In recent weeks, there have been a growing number of games postponed because of players contracting Covid-19. This will cause a backlog of fixtures, which may disadvantage some more than others. Soon there will be enough data to analyse these effects within sports, drawing out insights for other markets and contexts. Some professional teams have had players out of action for many weeks with ‘long Covid’. The lasting effects on a team’s performance could be studied, of what can be treated as a random draw on the amount of talent available.

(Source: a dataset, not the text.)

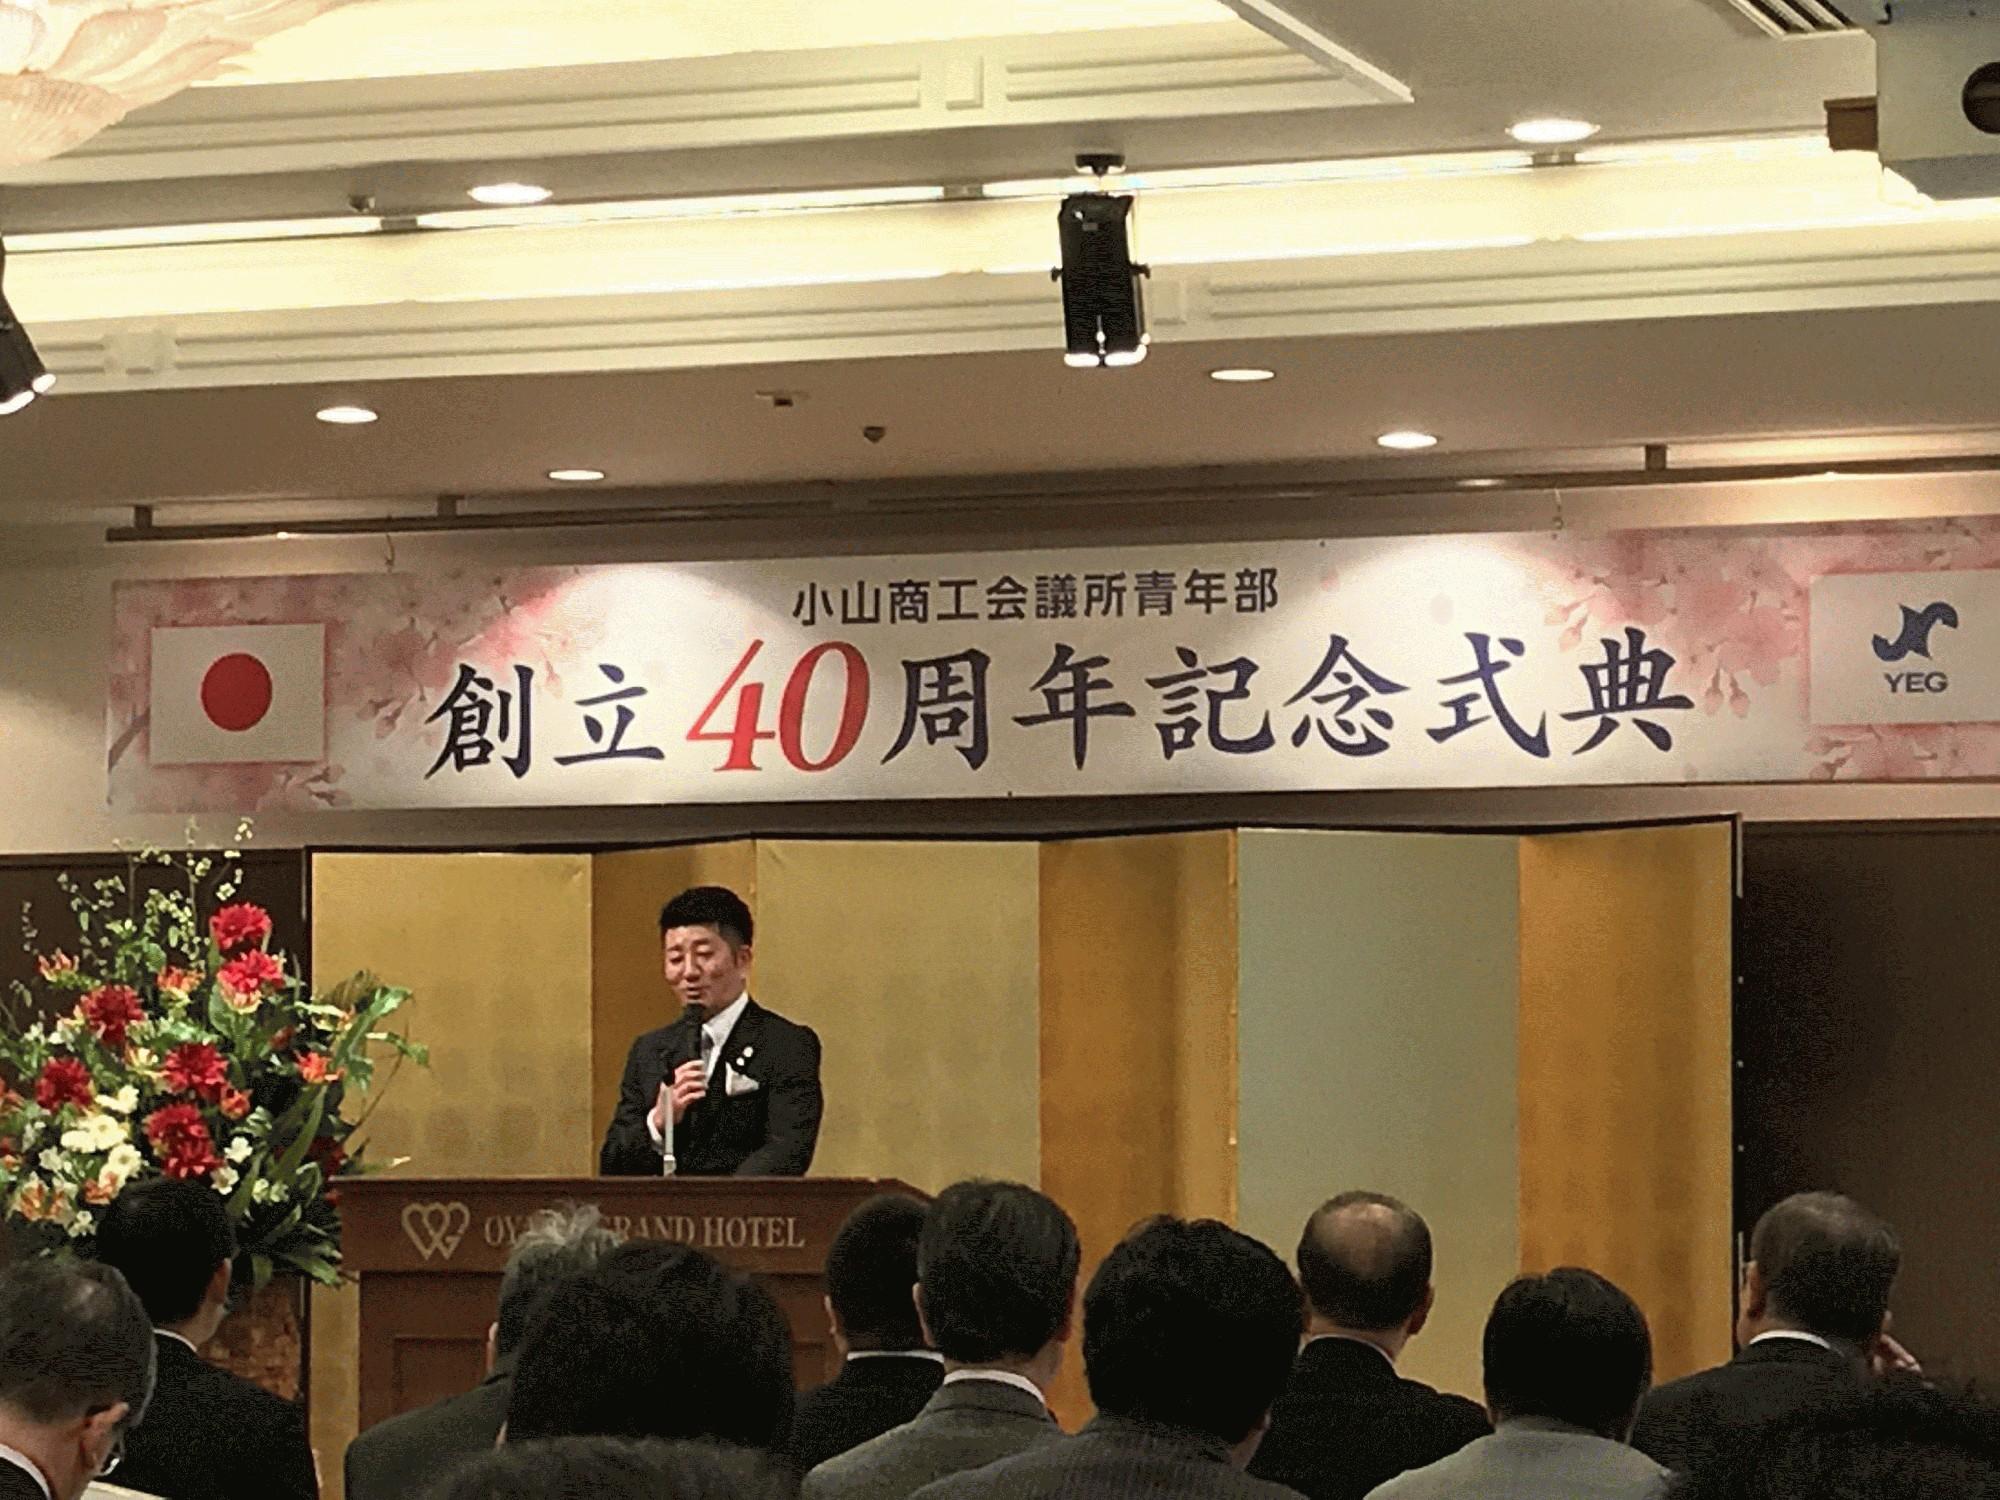 小山商工会議所青年部創立40周年記念式典を開催しました

Another important area is the distributional effects of Covid-19 on sports. Those at the top have done reasonably well while those at the bottom have fared badly. This raises the question of whether the bigger and richer sports firms should subsidise or bankroll the poorer and smaller firms because of Covid-19. Quite rightly, the richer firms point to the fact that in no other industry is it the case that some suppliers are forced to bankroll their failing competitors. But a competitive sport fixture can only be produced if there are rivals to play against. Most European football leagues before Covid-19 were being won season after season from among a select few teams, potentially limiting or destroying the leagues’ own appeal. Covid-19, through its distributional effects, may very well exacerbate these problems.